Users were confused as to the purpose of the confirm site name activity, and in particular, what they were being asked to do and why. This could be solved with the addition of some explanation text.

Improve exception strategy

Currently, almost all of the exceptions used are checked exceptions, meaning that if an exception is thrown, the caller is forced to handle it before the code will successfully compile. This regularly results in a large list of exceptions that callers must handle, some of which should never occur, unless as a result of programmer error. This leads to developer frustration and lazy exception handling, lowering the overall code quality. It would be far better to throw unchecked exceptions in these situations. Some thought should also be given as to whether the caller can actually do anything to recover from the exception. In some cases, recovery is impossible and therefore the code should throw a runtime exception. At the highest possible level in the code, a try catch clause should be added to handle these unchecked exceptions, and display friendly error message to the user.

Add hint text to new identity name textview

On the create new identity activity, users were confused as to what the text box on this page was for. Adding some hint text to explain that their new identity name should go there would be useful.

Create new identity explanation text is wrong

The explanation text on the create new identity activity tells the user to shake and wave the phone until the progress bar turns green. The new colour scheme means that the progress bar no longer turns green. Either the explanation text should be updated to reflect reality or the bar should be updated to turn green.

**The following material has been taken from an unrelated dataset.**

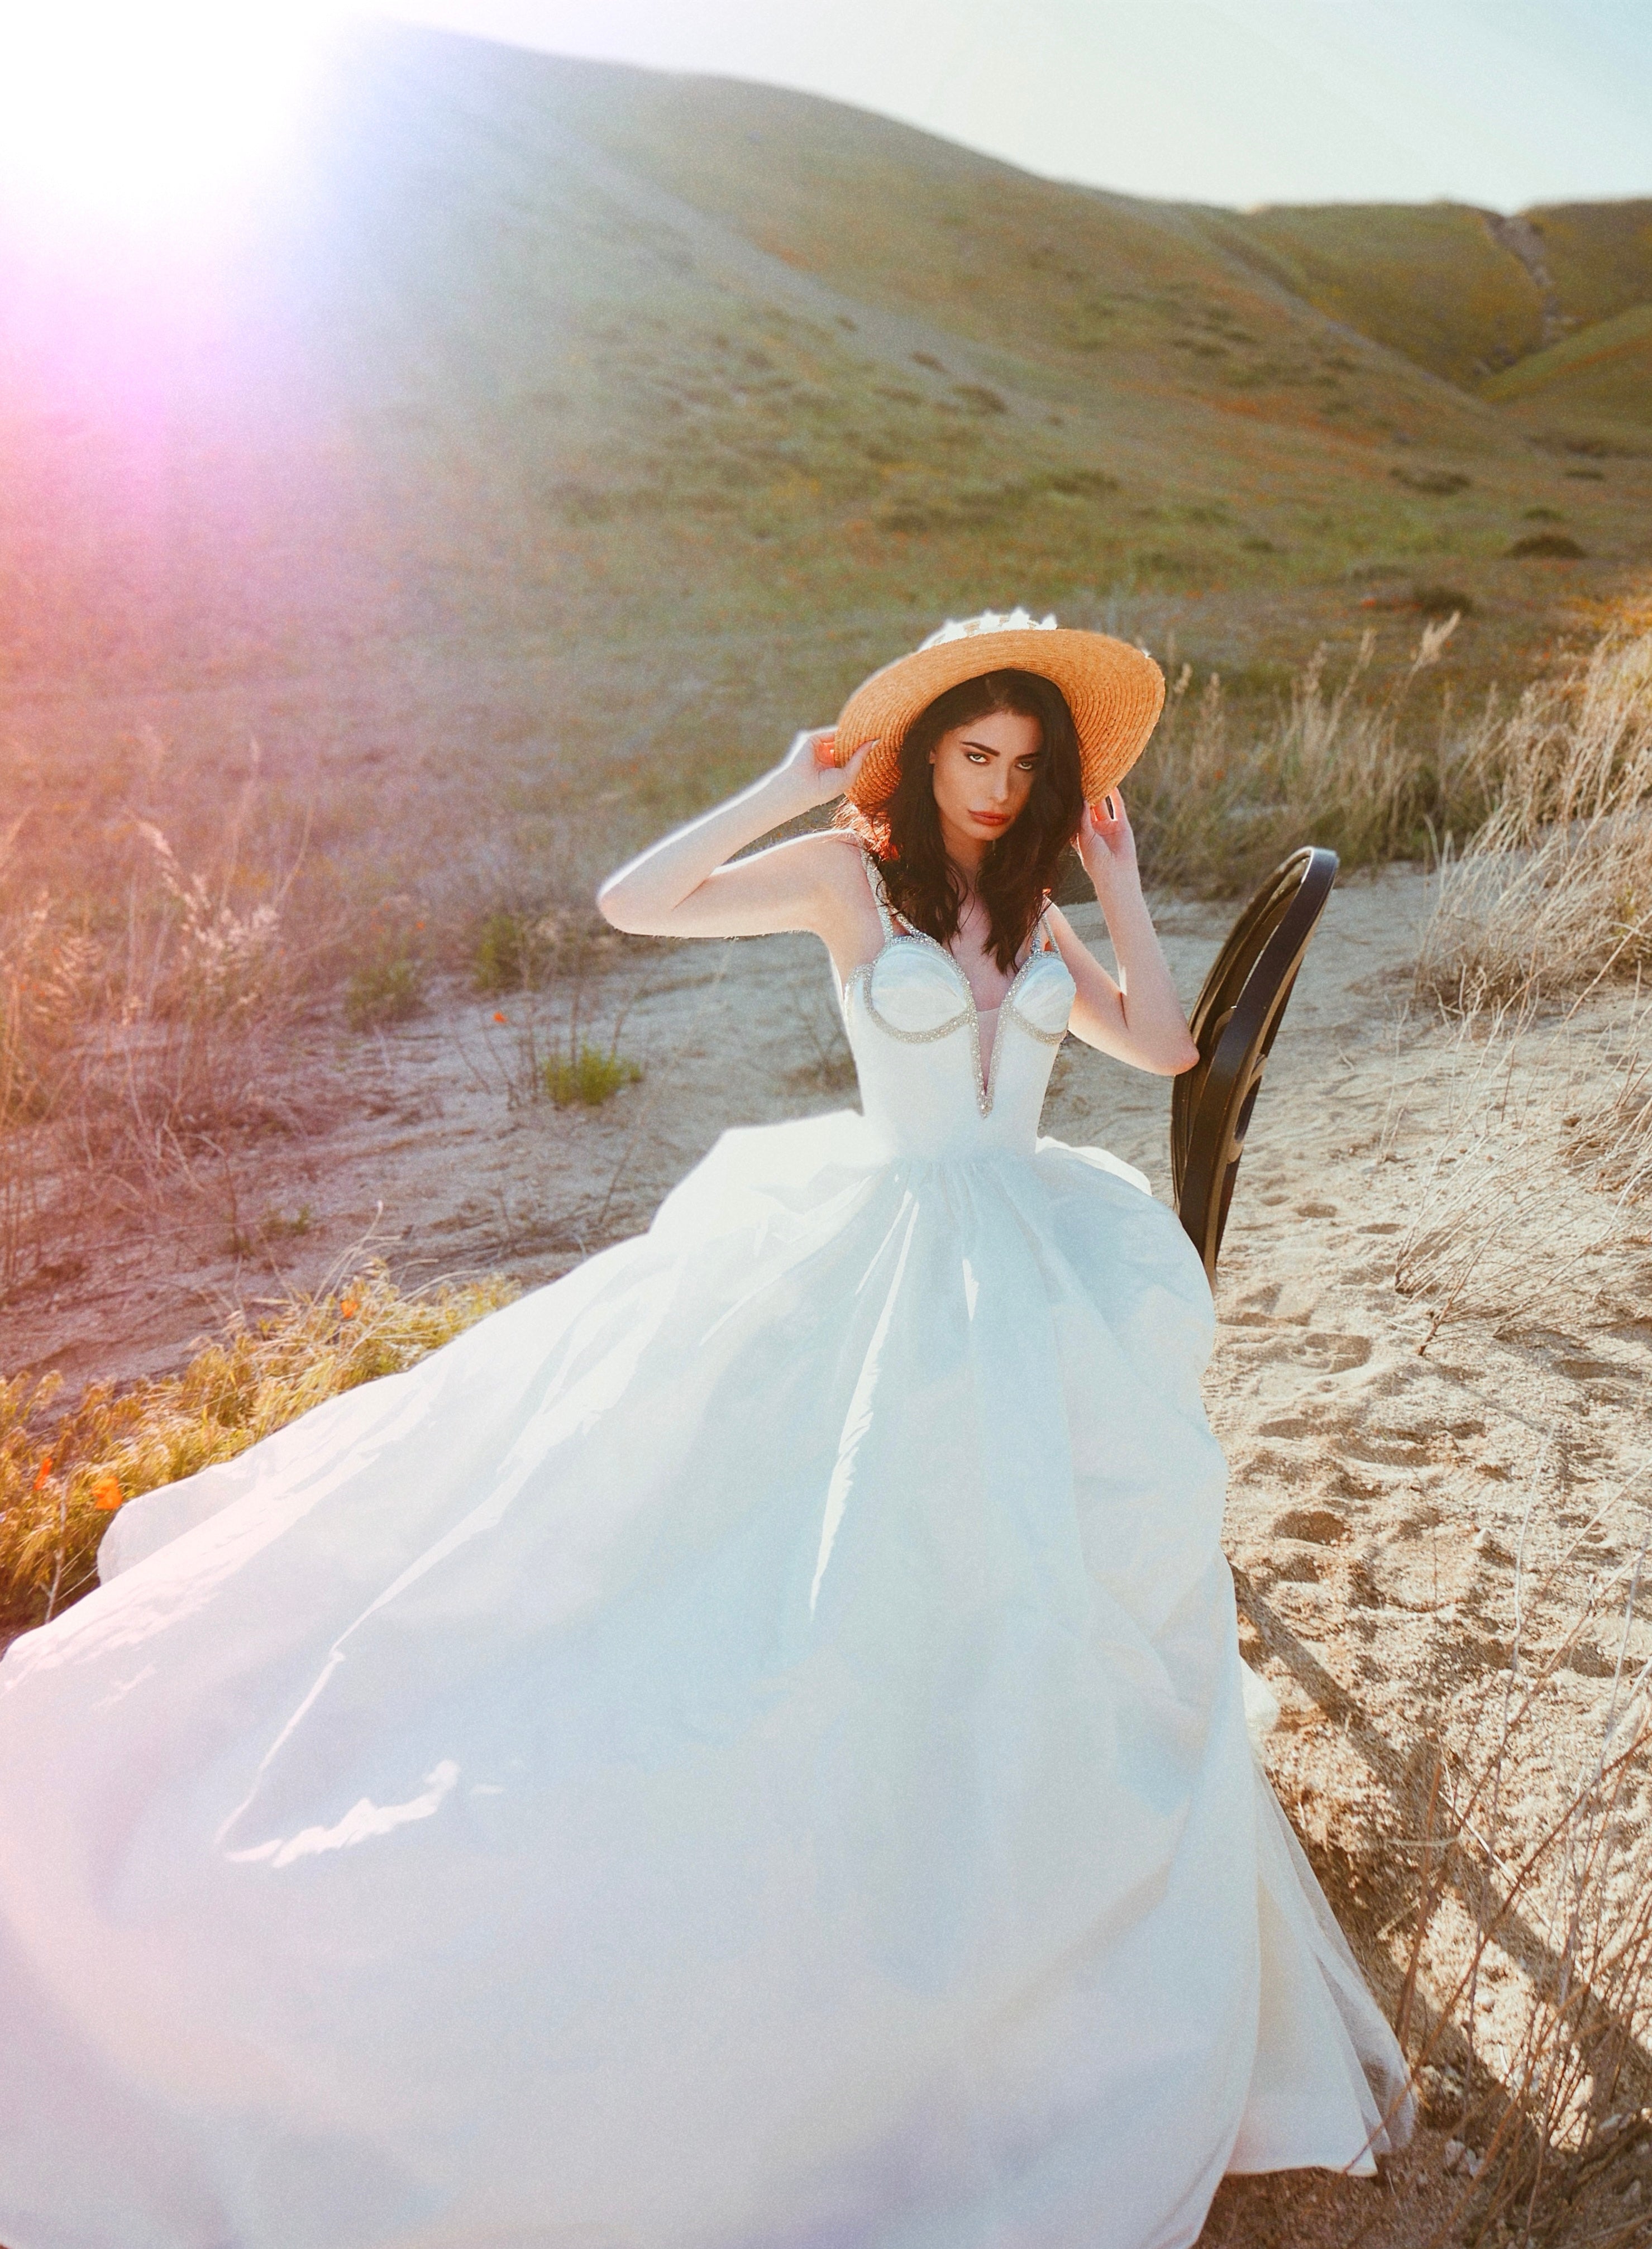 Romantic and timeless silk taffeta corset ball gown wedding dress by Lauren Elaine

Create new identity progress bar disappears too fast

The progress bar on the create new identity activity is replaced by a button once enough entropy has been collected. In practice, this happened so fast that users were confused by the explanation text as they couldn't see a progress bar. It would perhaps be better to show the progress bar in all green once it has finished and leave it on screen.

Confusing password strength meter

Almost all users experienced confusion in regards to the password strength meter. Its purpose was not obvious, and there was no textual content to inform the user that they needed the strength meter to completely fill before the application would allow them to proceed.

Improve entropy harvesting

Listen to security now episodes for guidance, for example, wifi, gps and other data should be harvested as well as not relying on the user to input good camera data.

Add README

Add a readme, describing the current state of the application as well as how to build and install it.